== ASSIGNMENT ==
For the data below, retype word for word the lines from the one containing "HUNGARY - CIRCA" through the one containing "Super Mario Bros."; drop the pictures.

== RECORDS FOR THE EXERCISE ==
++++++++
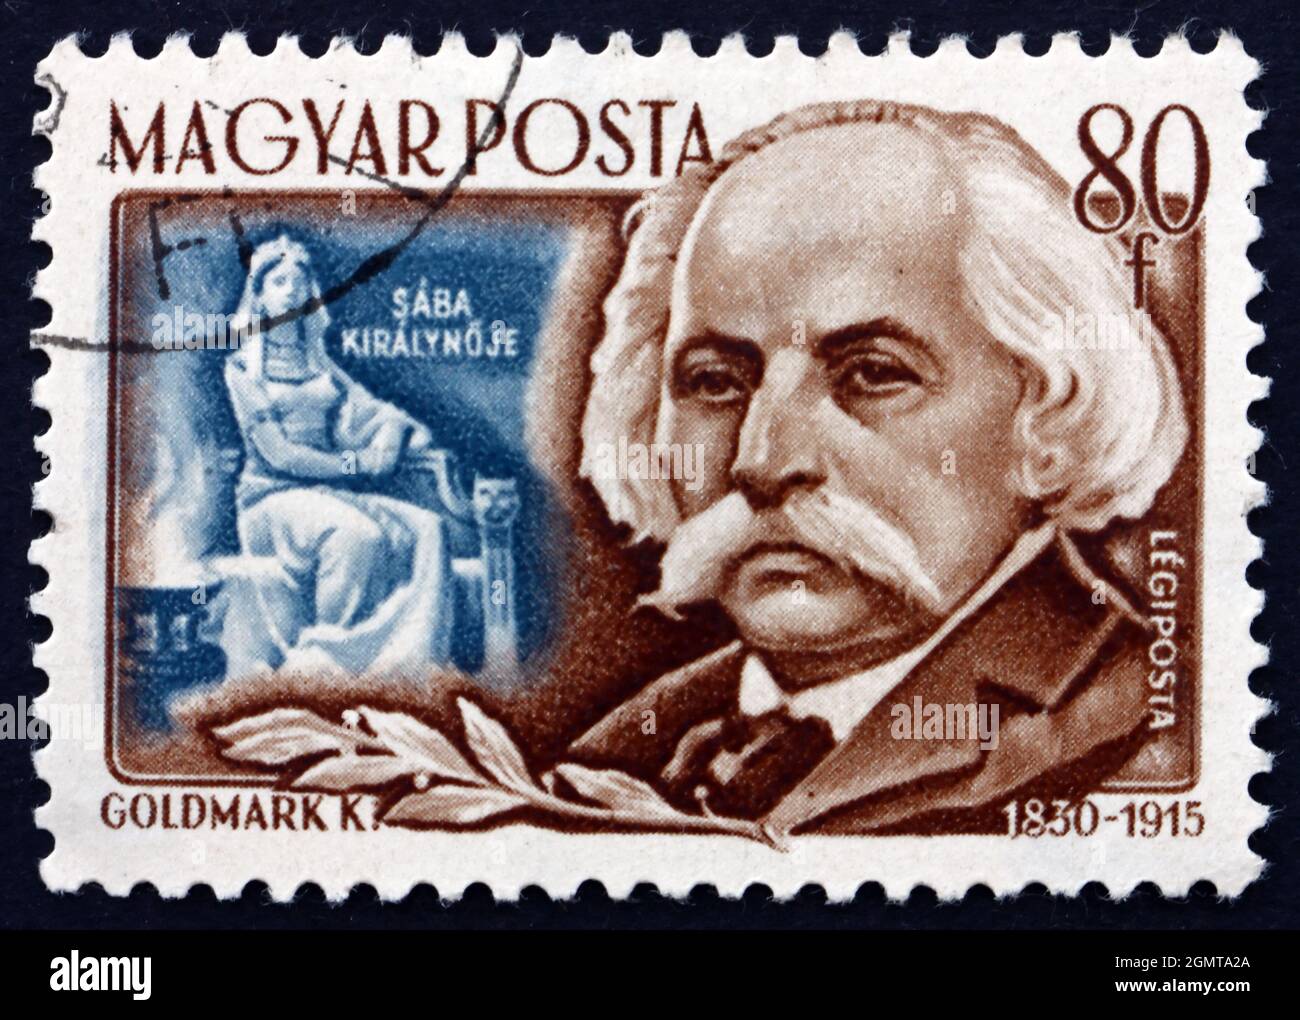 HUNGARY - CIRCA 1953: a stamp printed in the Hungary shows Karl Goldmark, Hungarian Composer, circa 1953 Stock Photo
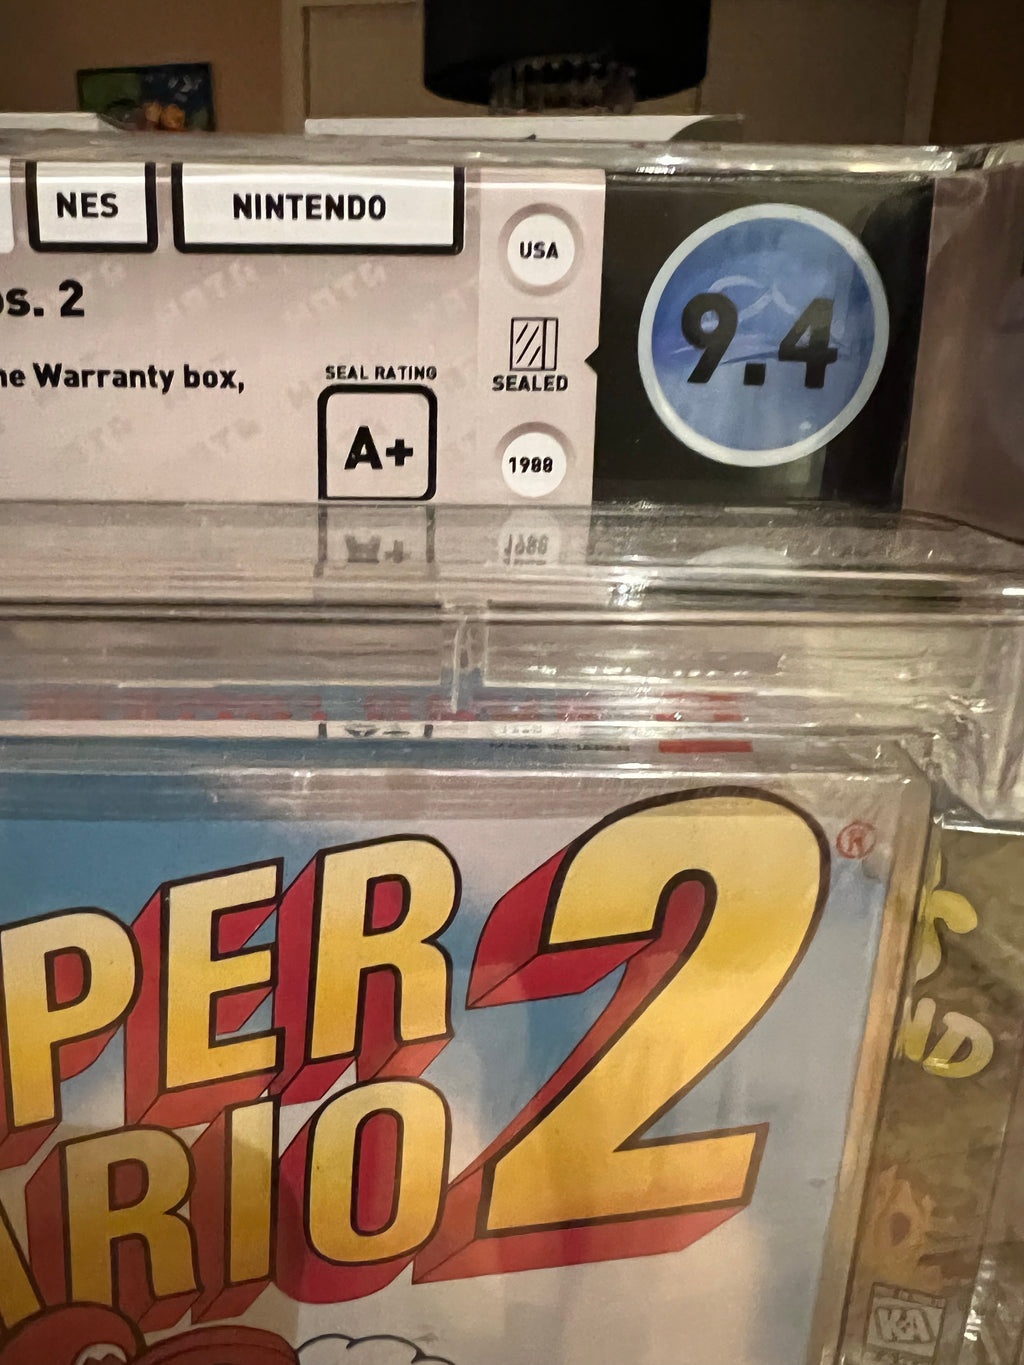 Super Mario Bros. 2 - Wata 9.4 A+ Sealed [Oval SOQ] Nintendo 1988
++++++++
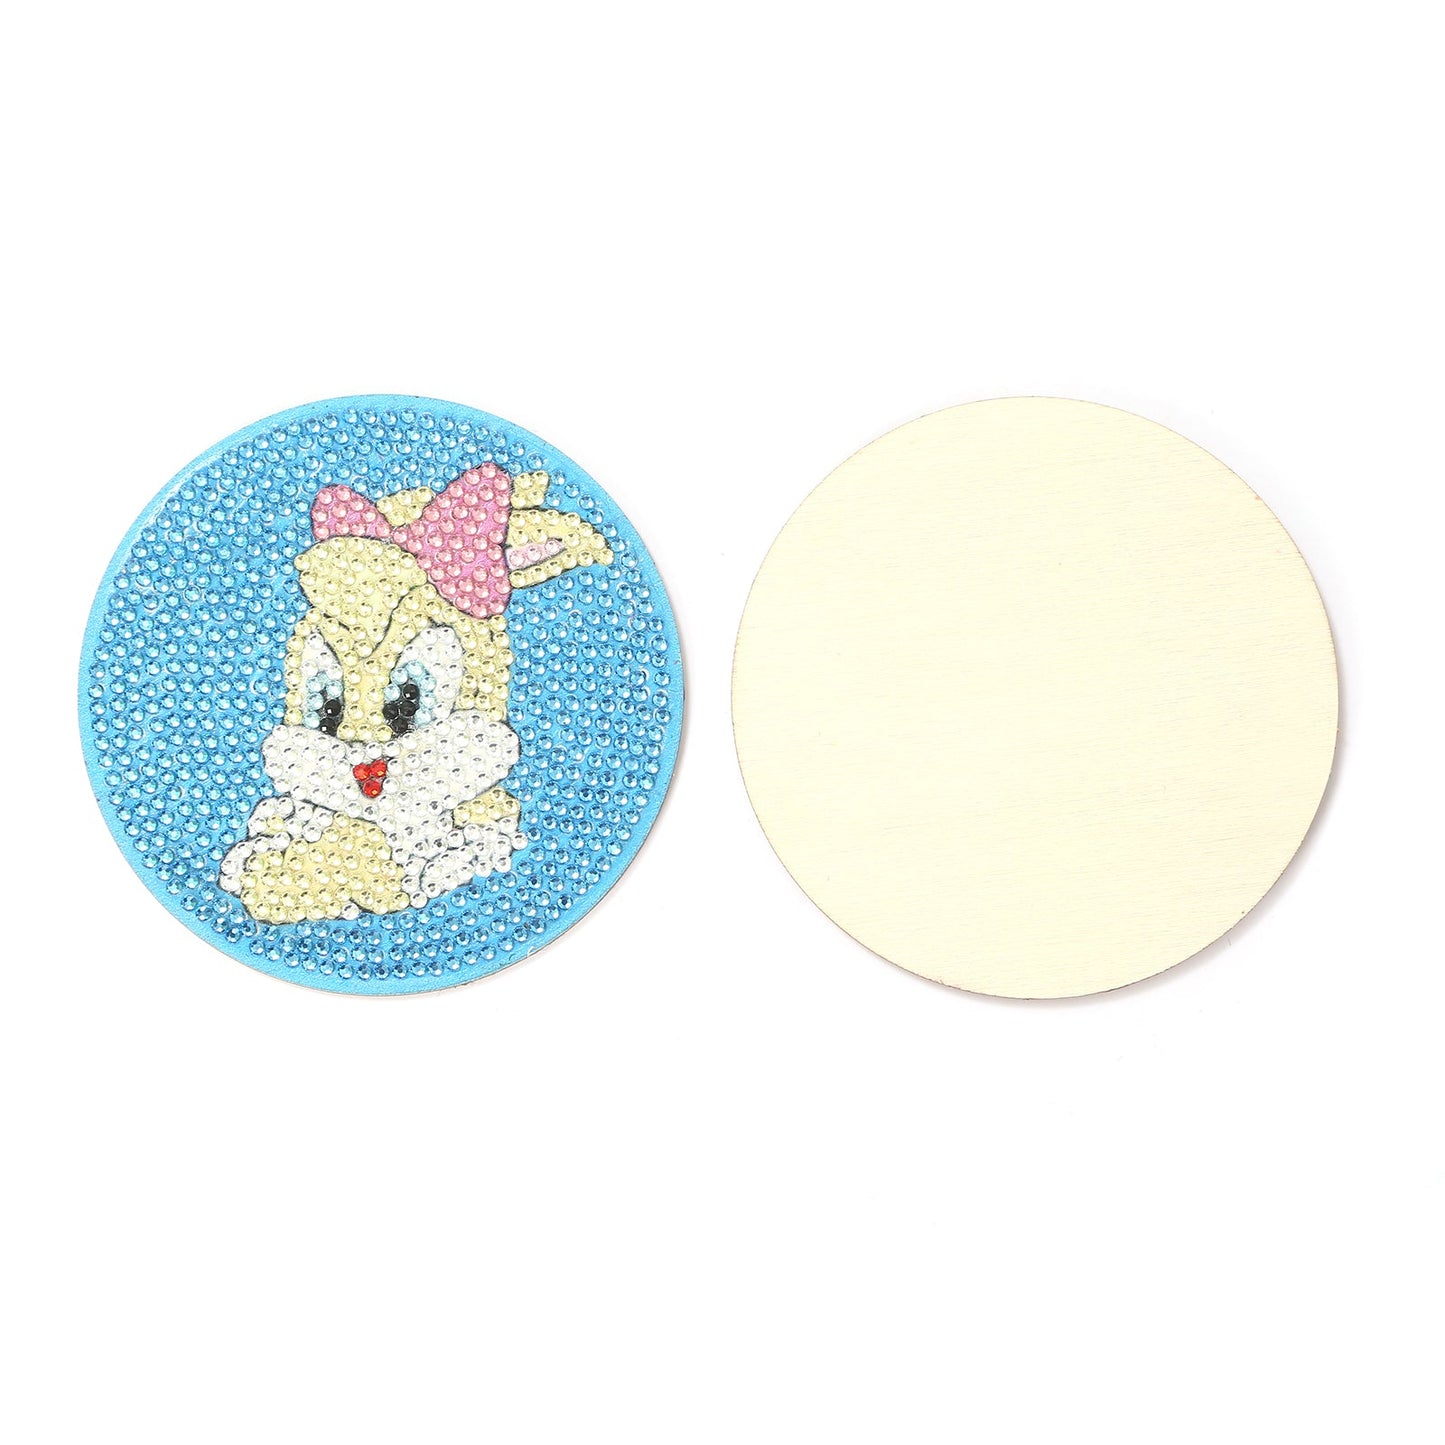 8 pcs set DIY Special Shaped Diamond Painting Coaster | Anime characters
++++++++
== WRITTEN RESPONSE ==
 HUNGARY - CIRCA 1953: a stamp printed in the Hungary shows Karl Goldmark, Hungarian Composer, circa 1953 Stock Photo
 Super Mario Bros. 2 - Wata 9.4 A+ Sealed [Oval SOQ] Nintendo 1988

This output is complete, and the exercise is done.